Chanel No. 5, the first modern perfume, is launched

Chanel No. 5 is the first perfume launched by French couturier Gabrielle "Coco" Chanel. The launch took place in her rue Cambon boutique on the fifth day of the fifth month. She infused the shop's dressing rooms with the scent, and gave bottles to a select few of her high society friends. Its success was immediate. Chanel's friend Misia Sert exclaimed: "It was like a winning lottery ticket."


The V Summer Olympic Games open in Stockholm

The 1912 Summer Olympics were an international multi-sport event held in Stockholm, Sweden. Twenty-eight nations and 2,408 competitors, including 48 women, competed in 102 events in 14 sports. It was the last Olympics to issue solid gold medals and, with Japan's debut, the first time an Asian nation participated.

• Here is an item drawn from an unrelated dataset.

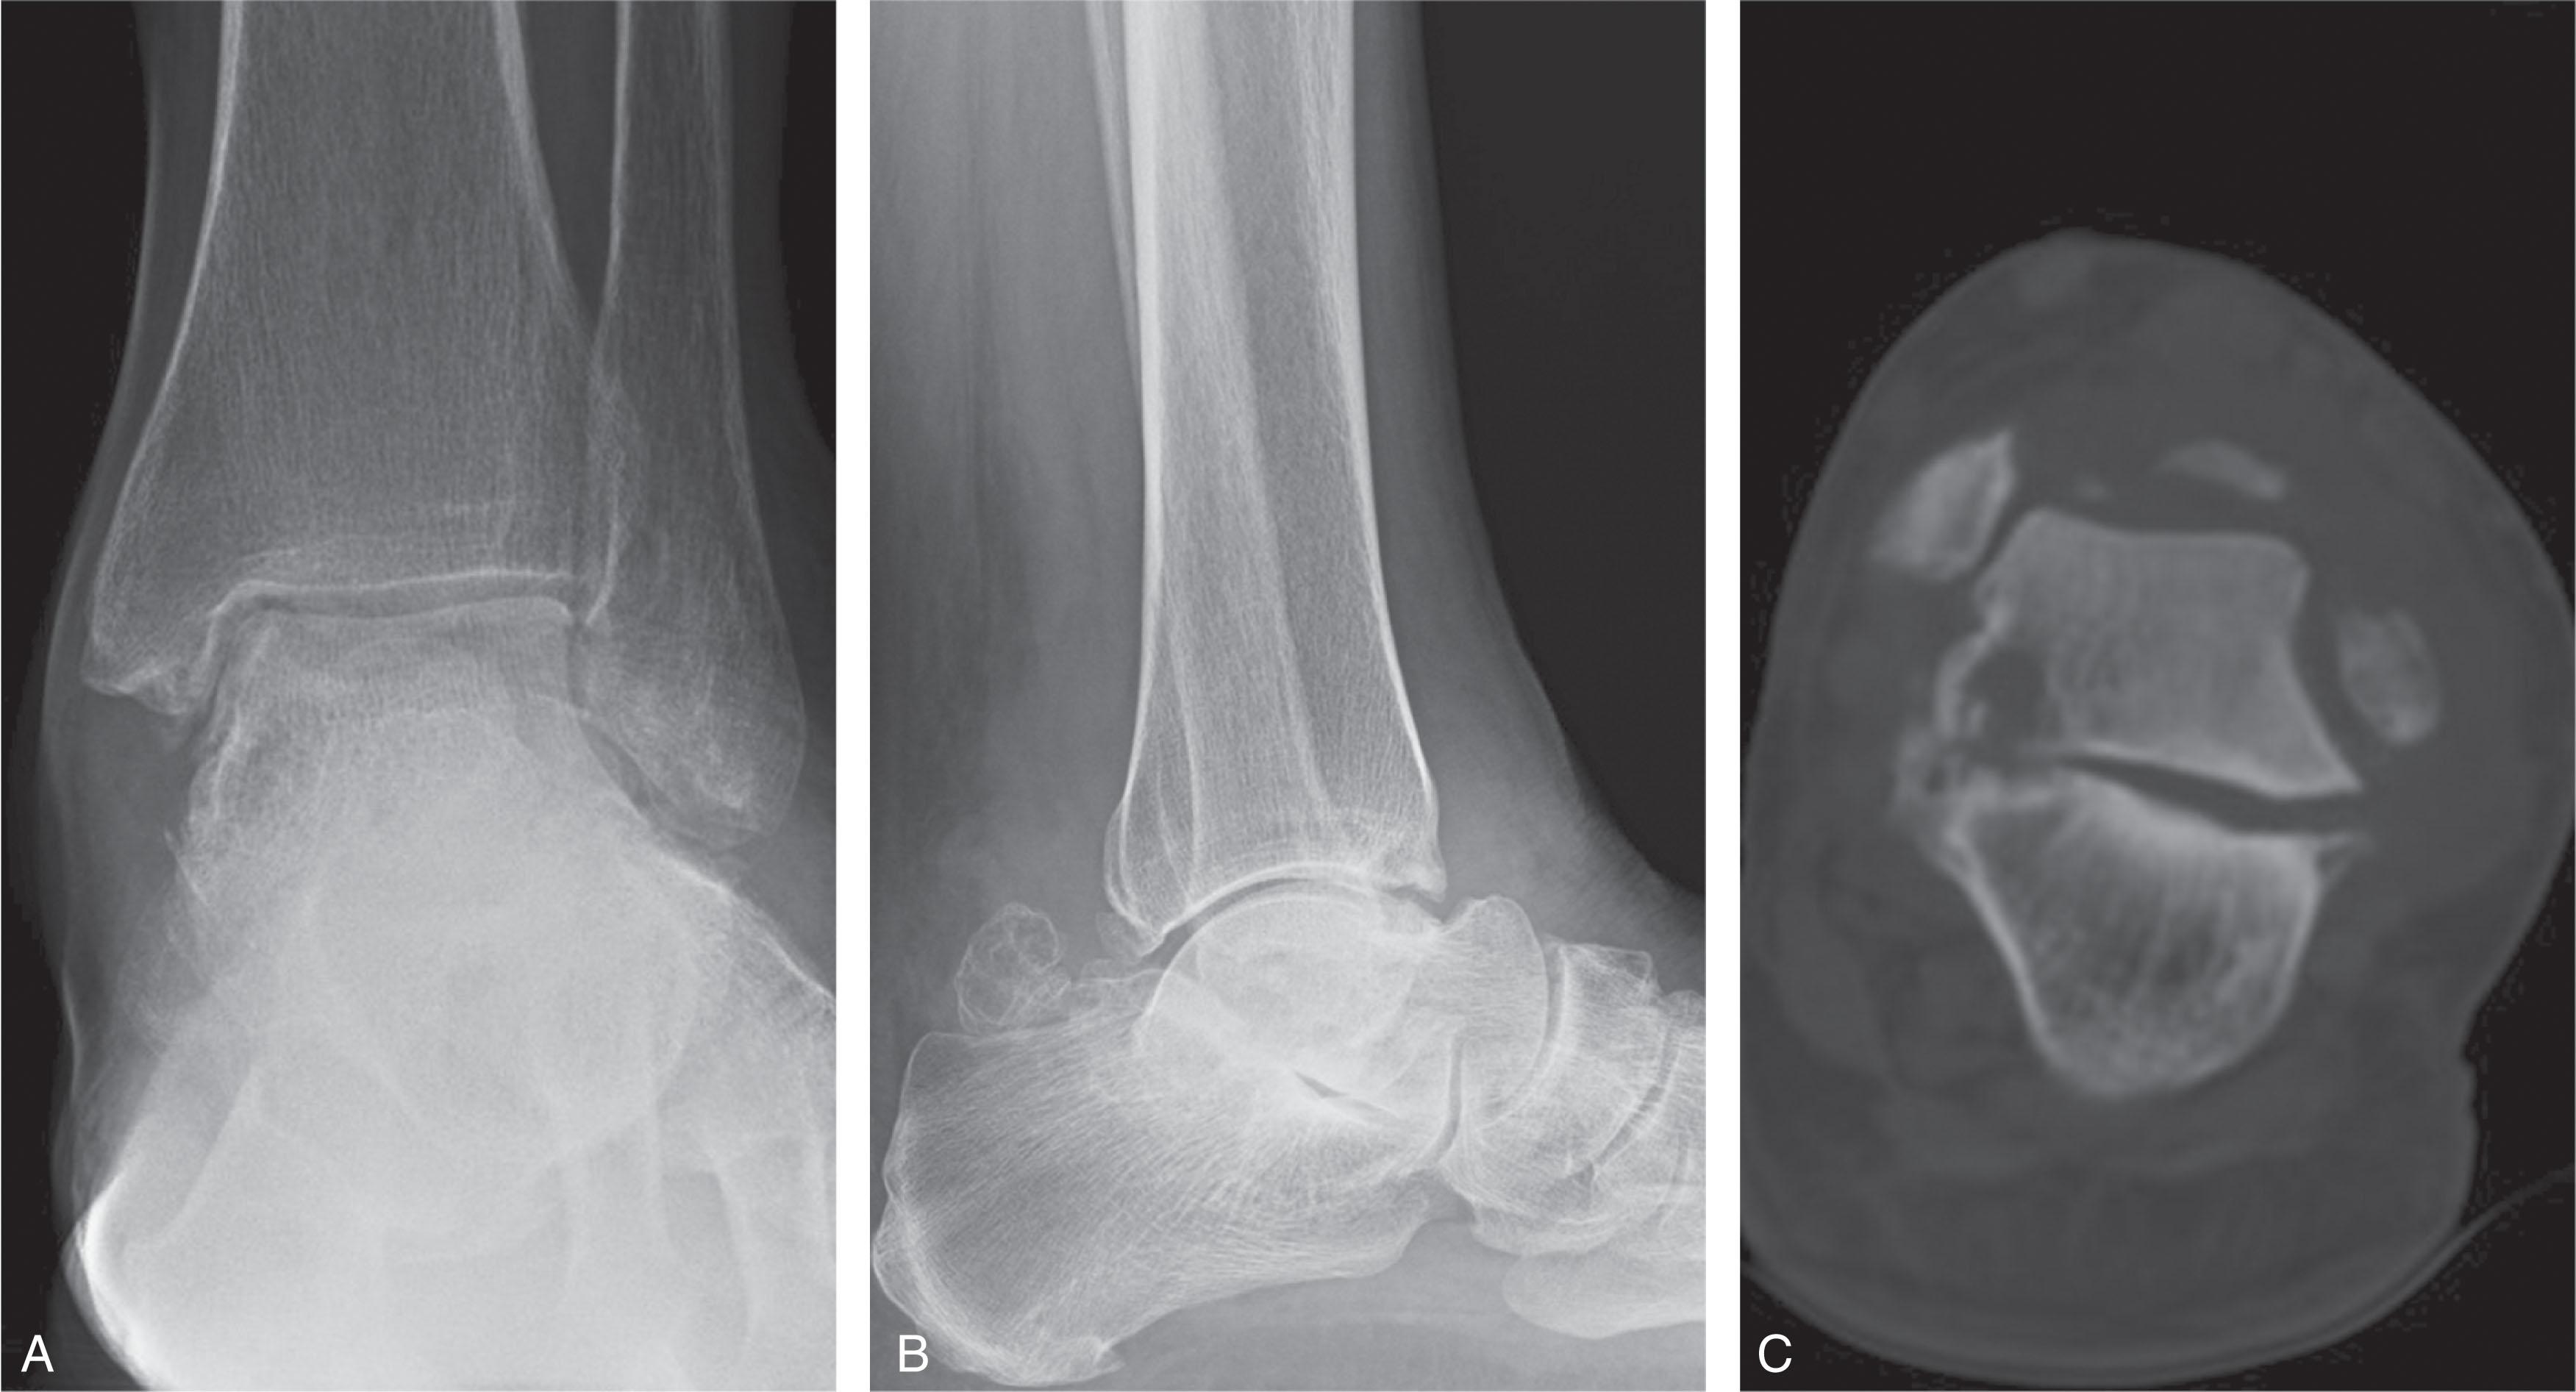 Fig. 25-4, Subtalar arthritis associated with a hindfoot coalition. A and B , Anteroposterior and lateral radiographs showing subtalar coalition of the middle facet leading to subtalar joint arthritis. C , Coronal CT scan through the middle facet showing the coalition.

Pravda begins publication in Saint Petersburg

Pravda is a Russian broadsheet newspaper, formerly the official newspaper of the Communist Party of the Soviet Union where it was one of the most influential papers in the country with a circulation of 11 million. It emerged as one of the USSR's leading newspapers after the October Revolution.

Carnegie Hall opens in New York

Carnegie Hall is a concert venue in Midtown Manhattan, New York City, and one of the most prestigious concert halls in the world for both classical and popular music. Designed by architect William Burnet Tuthill and built by philanthropist Andrew Carnegie, it officially opened with a concert conducted by maestro Walter Damrosch and great Russian composer, Pyotr Ilyich Tchaikovsky.